Dataset records:

>>

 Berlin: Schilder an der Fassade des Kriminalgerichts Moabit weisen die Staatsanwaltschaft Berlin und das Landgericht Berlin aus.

<<
>>

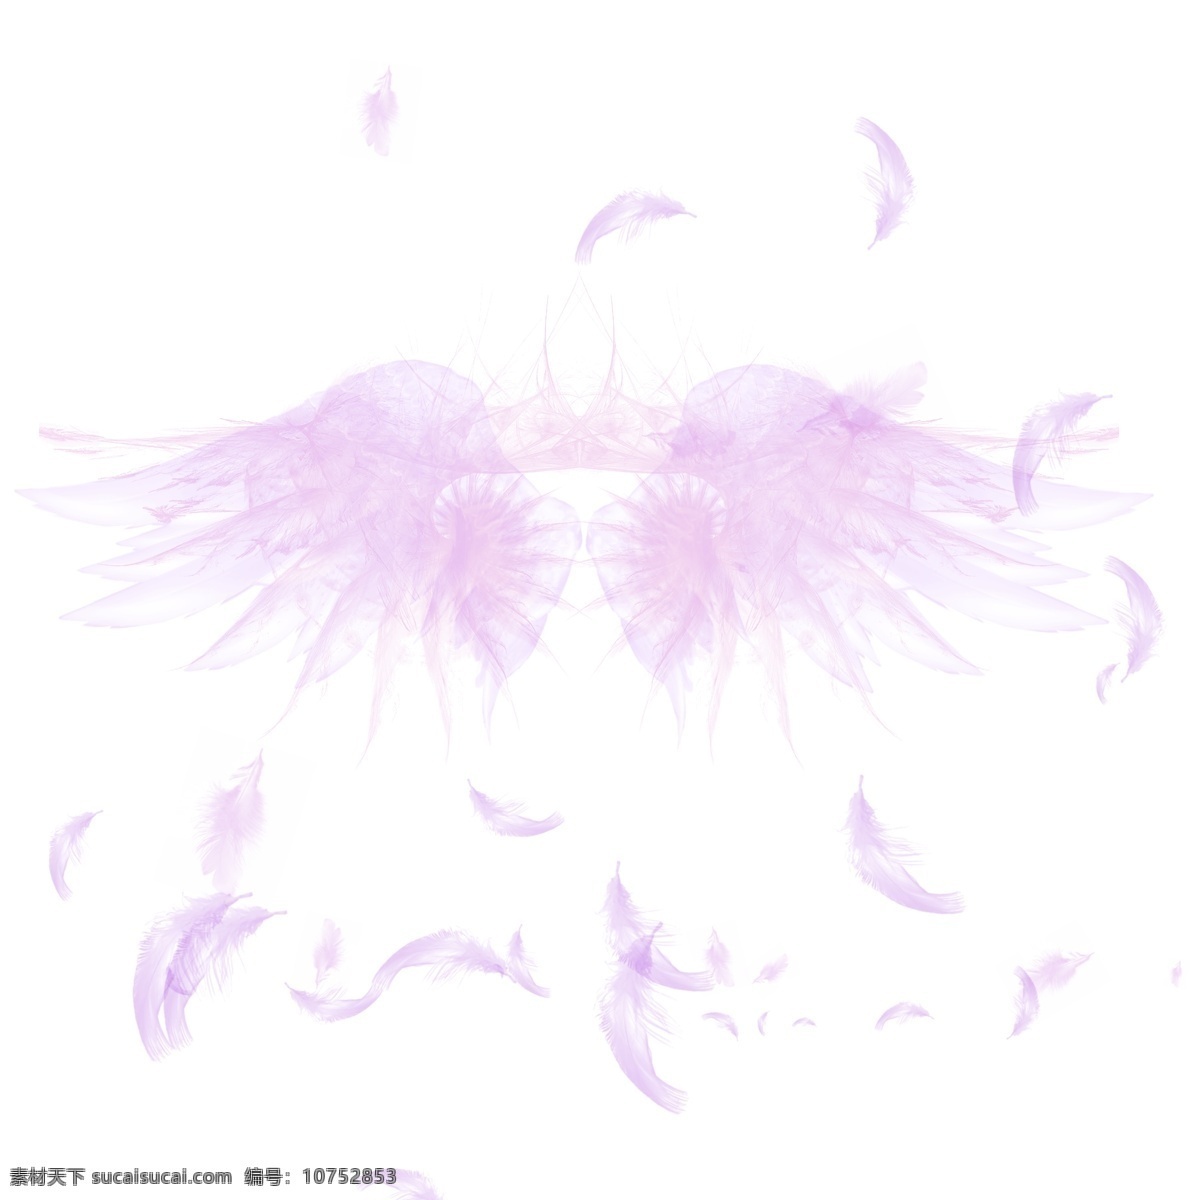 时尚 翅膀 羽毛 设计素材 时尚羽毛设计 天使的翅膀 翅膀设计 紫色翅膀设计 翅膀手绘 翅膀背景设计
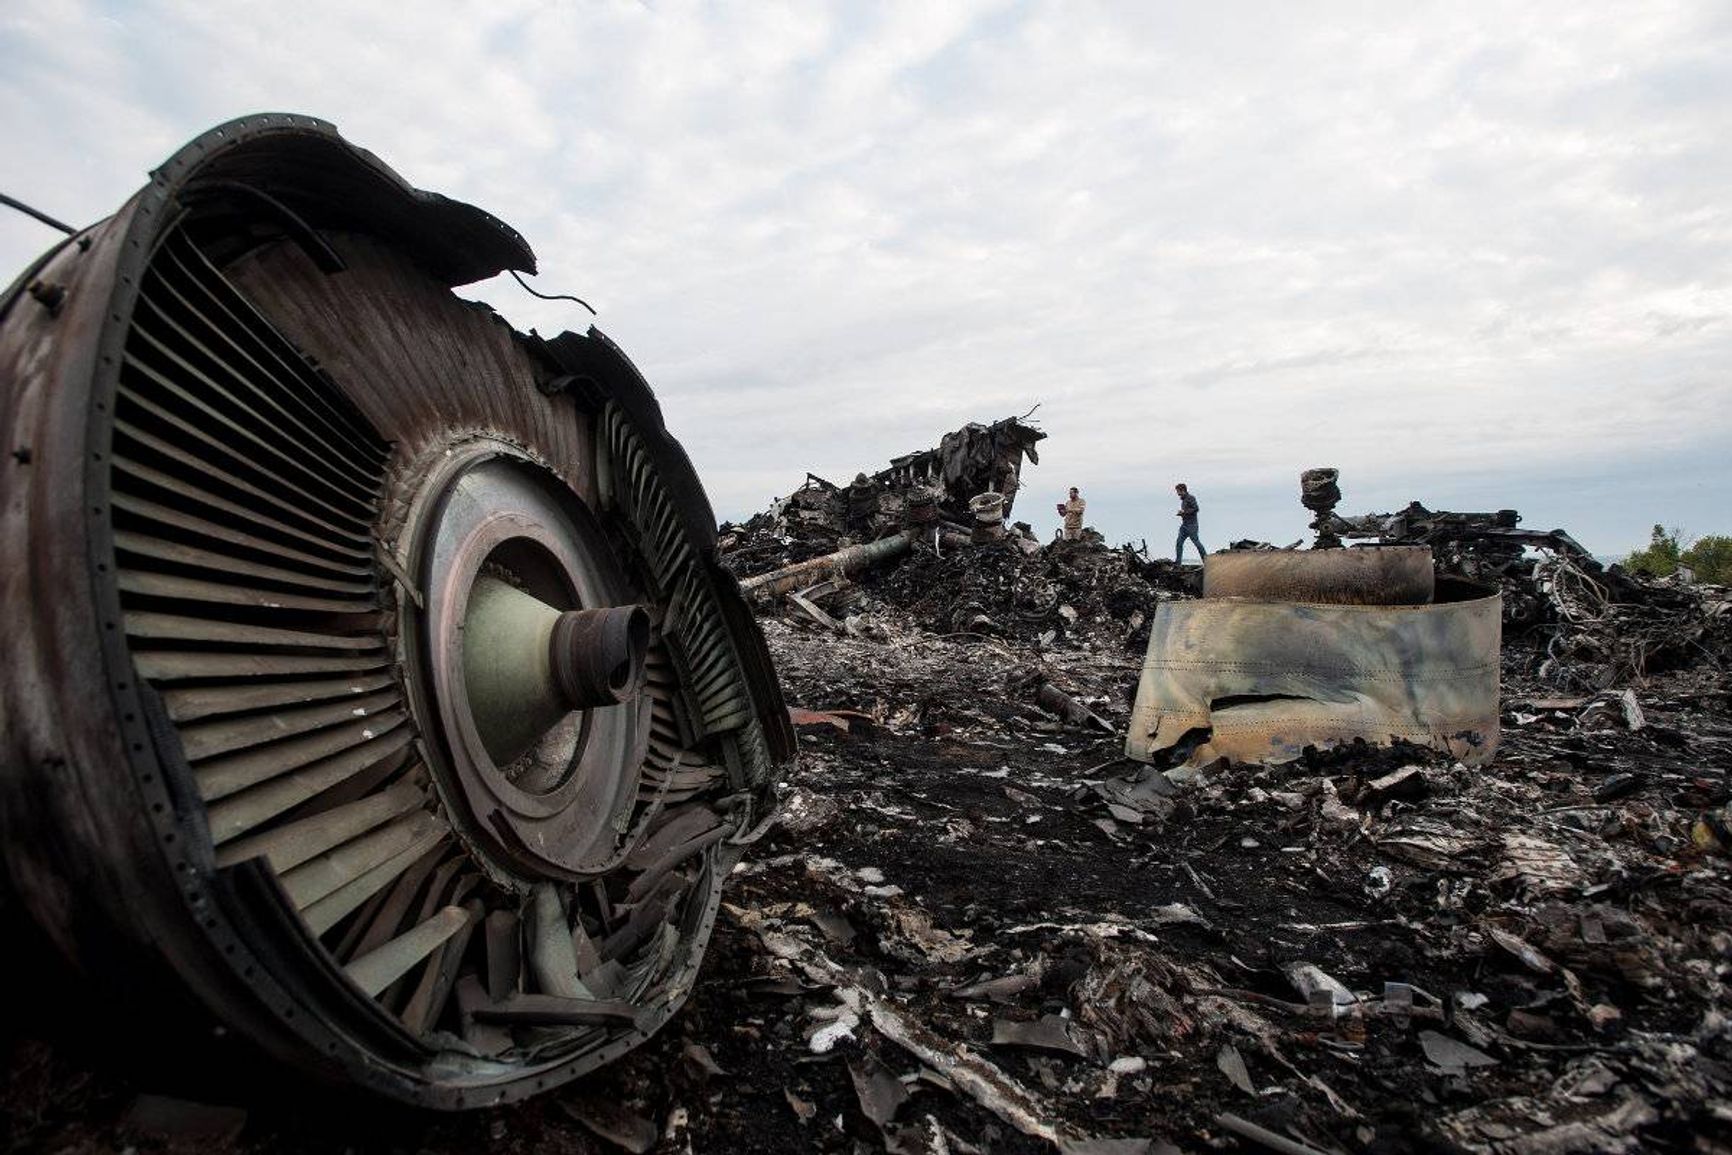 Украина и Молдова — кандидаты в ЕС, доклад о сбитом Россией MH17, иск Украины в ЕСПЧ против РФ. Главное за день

<<
>>

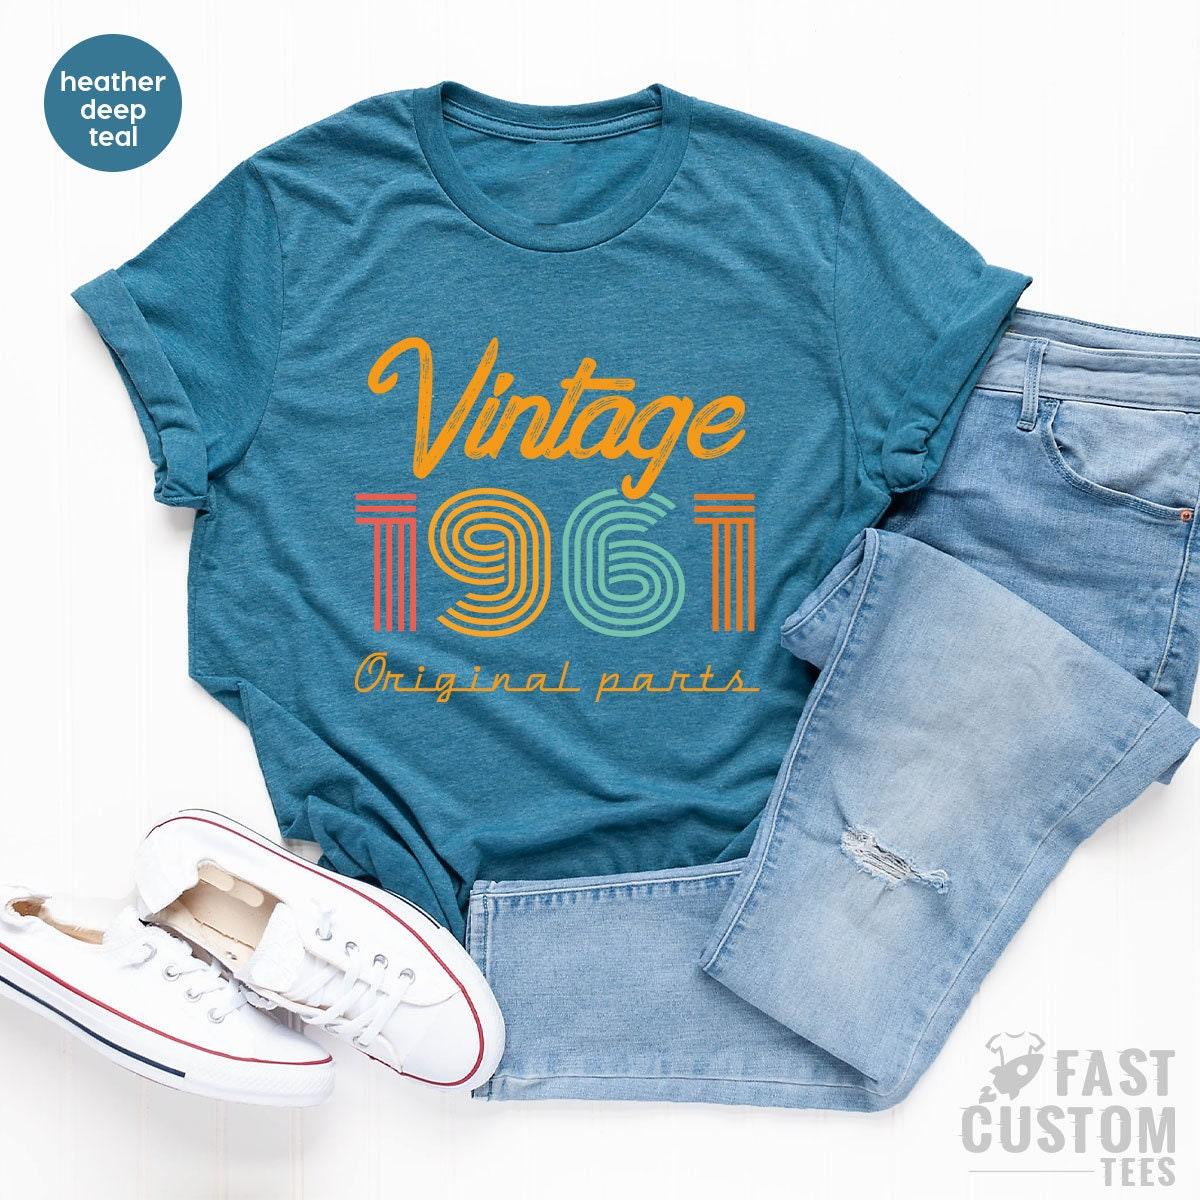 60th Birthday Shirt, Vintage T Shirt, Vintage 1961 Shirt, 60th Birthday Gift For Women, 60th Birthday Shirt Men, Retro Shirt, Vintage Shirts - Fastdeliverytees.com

<<

Aim of the exercise: Only one part of the listing is wanted: the lines from the one containing "时尚 翅膀 羽毛 设计素材" through the one containing "Украина и Молдова", both included. Please transcribe it exactly, leaving out the pictures.

Output for this exercise:
 时尚 翅膀 羽毛 设计素材 时尚羽毛设计 天使的翅膀 翅膀设计 紫色翅膀设计 翅膀手绘 翅膀背景设计
 Украина и Молдова — кандидаты в ЕС, доклад о сбитом Россией MH17, иск Украины в ЕСПЧ против РФ. Главное за день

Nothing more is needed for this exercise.